243 P. 455, 75 Cal. App. 709, 1925 Cal. App. LEXIS 233
CourtCalifornia Court of Appeal
DecidedDecember 22, 1925
DocketDocket No. 5167.
StatusPublished
Cited by11 cases

This text of 243 P. 455 (Southern California Edison Co. v. Industrial Accident Commission) is published on Counsel Stack Legal Research, covering California Court of Appeal primary law. Counsel Stack provides free access to over 12 million legal documents including statutes, case law, regulations, and constitutions.

Bluebook
Southern California Edison Co. v. Industrial Accident Commission, 243 P. 455, 75 Cal. App. 709, 1925 Cal. App. LEXIS 233 (Cal. Ct. App. 1925).

Opinion

HAHN, J., pro tem.

Upon application of the petitioner, a writ of review was issued by this court for the purpose of reviewing an award made by the Industrial Accident Commission of the state of California, in favor of one Oliver R. Harris and against the Southern California Edison Company, the petitioner herein.

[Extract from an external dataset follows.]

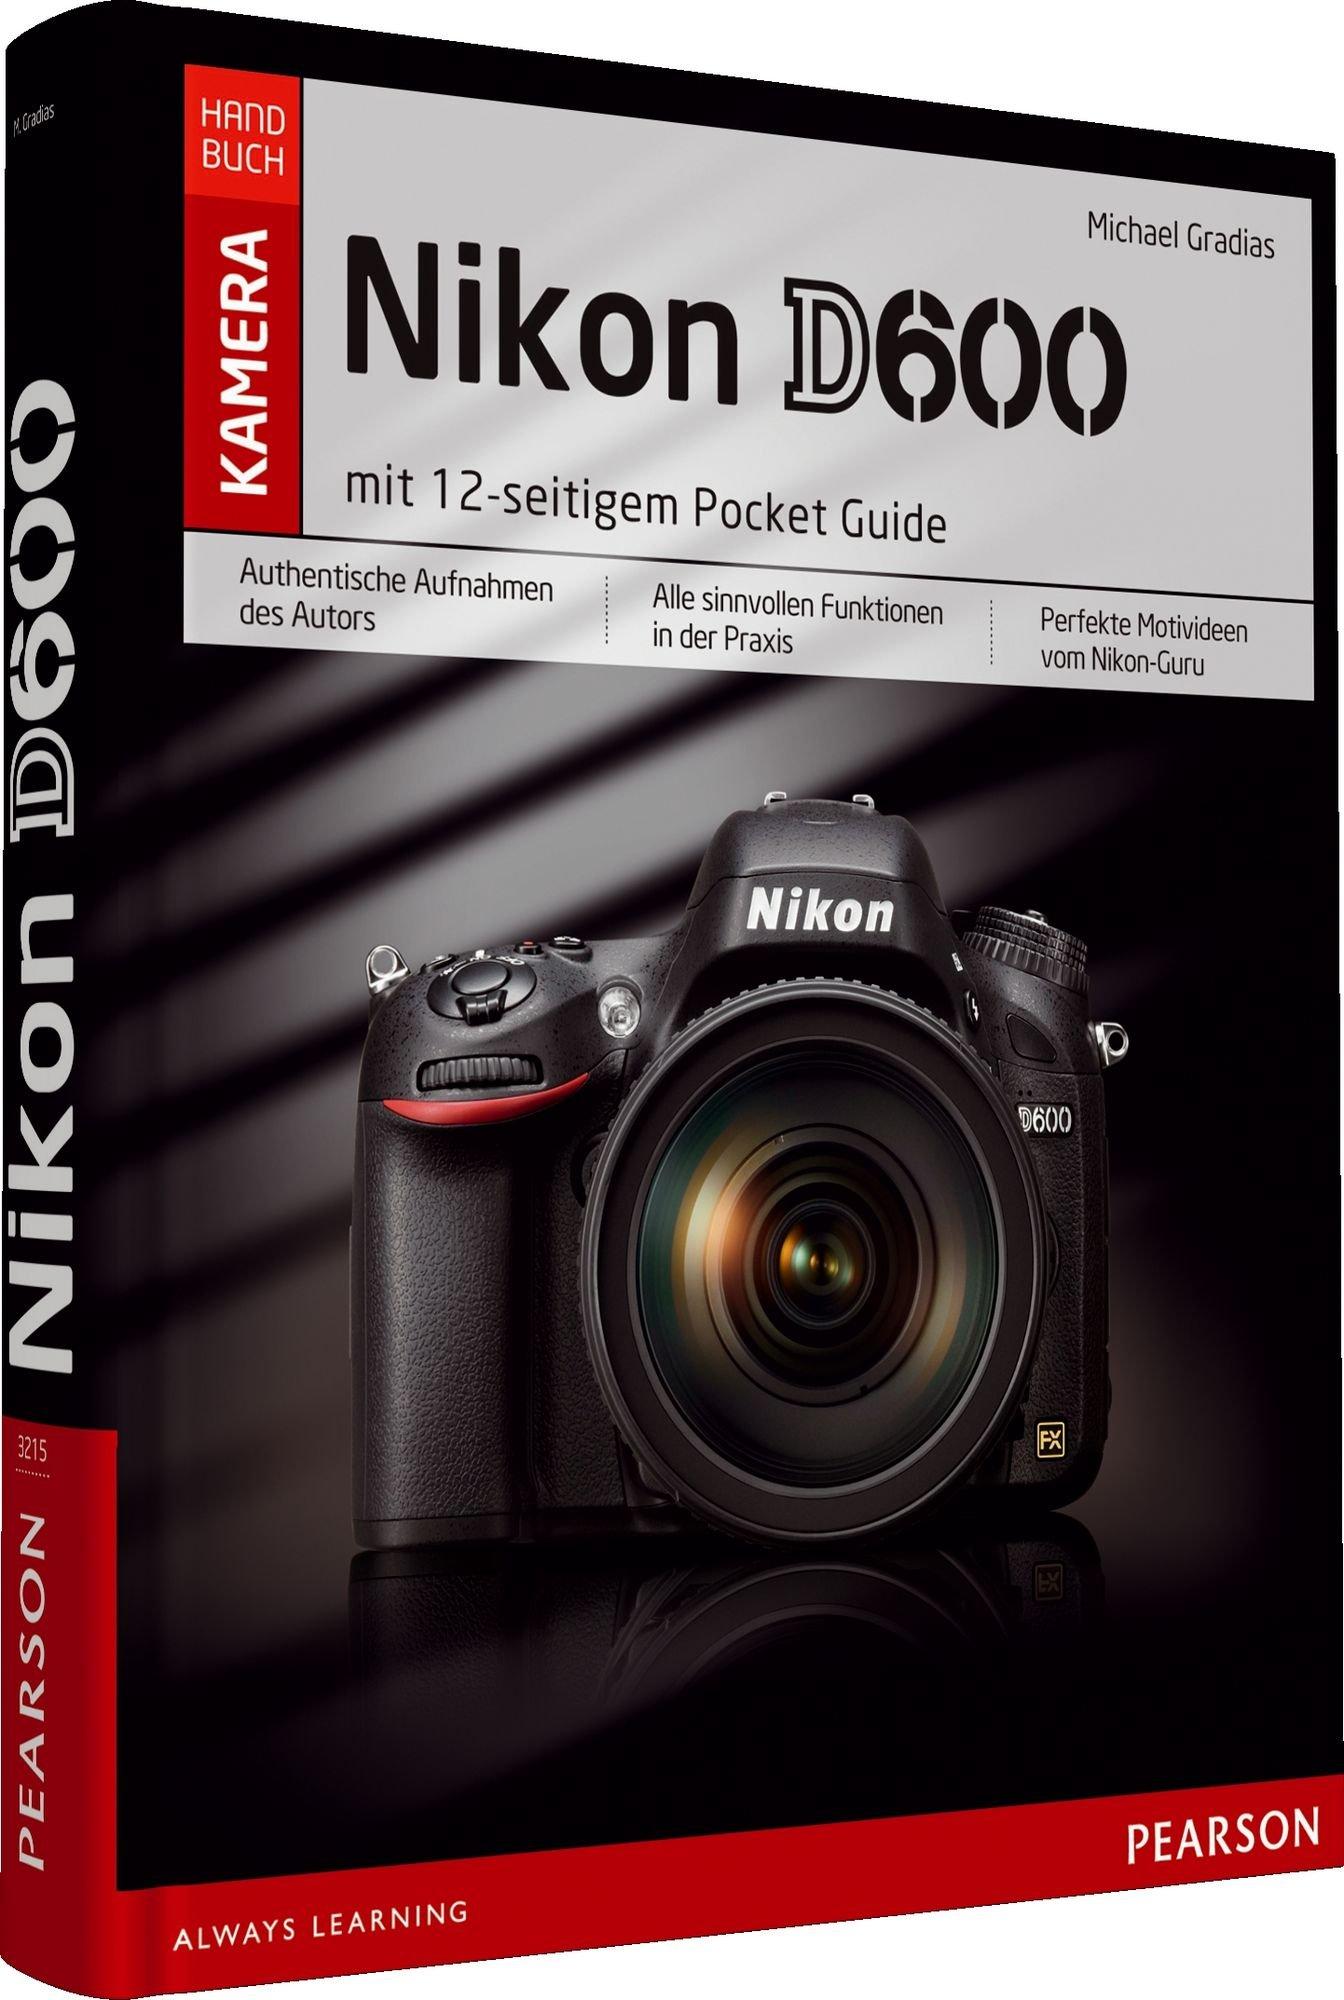 Nikon D600: mit 12-seitigem Pocket Guide für unterwegs (Pearson Photo)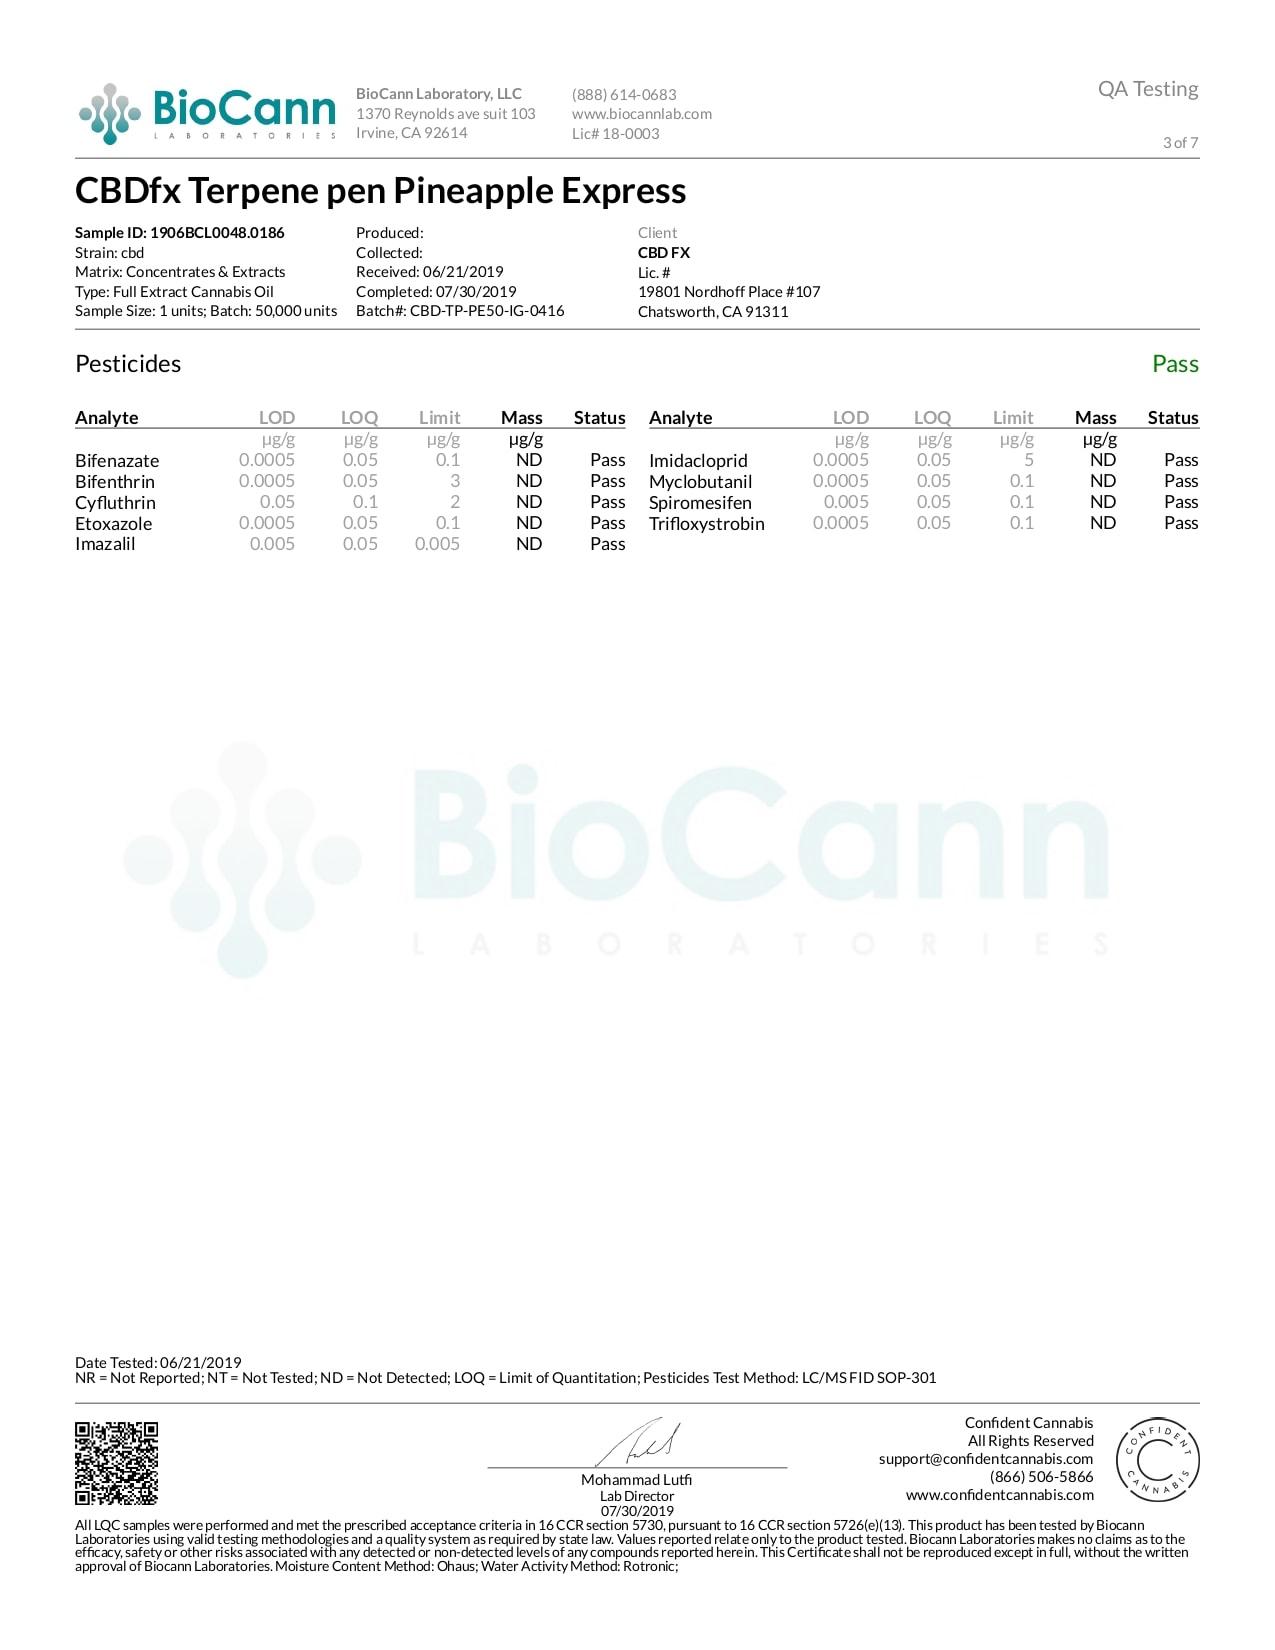 CBDfx Pineapple Express Lab Report | CBD Terpenes Vape Pen 50mg

The record includes a stipulation of facts, from which it appears that on March 6, 1923, while in the employ of the petitioner herein as a lineman, Oliver R. Harris fell from a high-tension electric pole, thereby suffering an injury to his back. Hospital and medical attention was promptly furnished by his employer. Within three weeks Harris had recovered sufficiently to engage in light work for his employer, in which work he continued for some four weeks when he suffered a wrench to his back which caused him to desist from further labor. From that time, which was about May 1, 1923, and until his hearing before the Industrial Accident Commission, which took place in February, 1925, Harris was incapacitated for work due to the condition of his back. At intervals during this period of almost two years Harris was examined by some four or five surgical experts, and for limited periods received more or less irregular medical and surgical attention.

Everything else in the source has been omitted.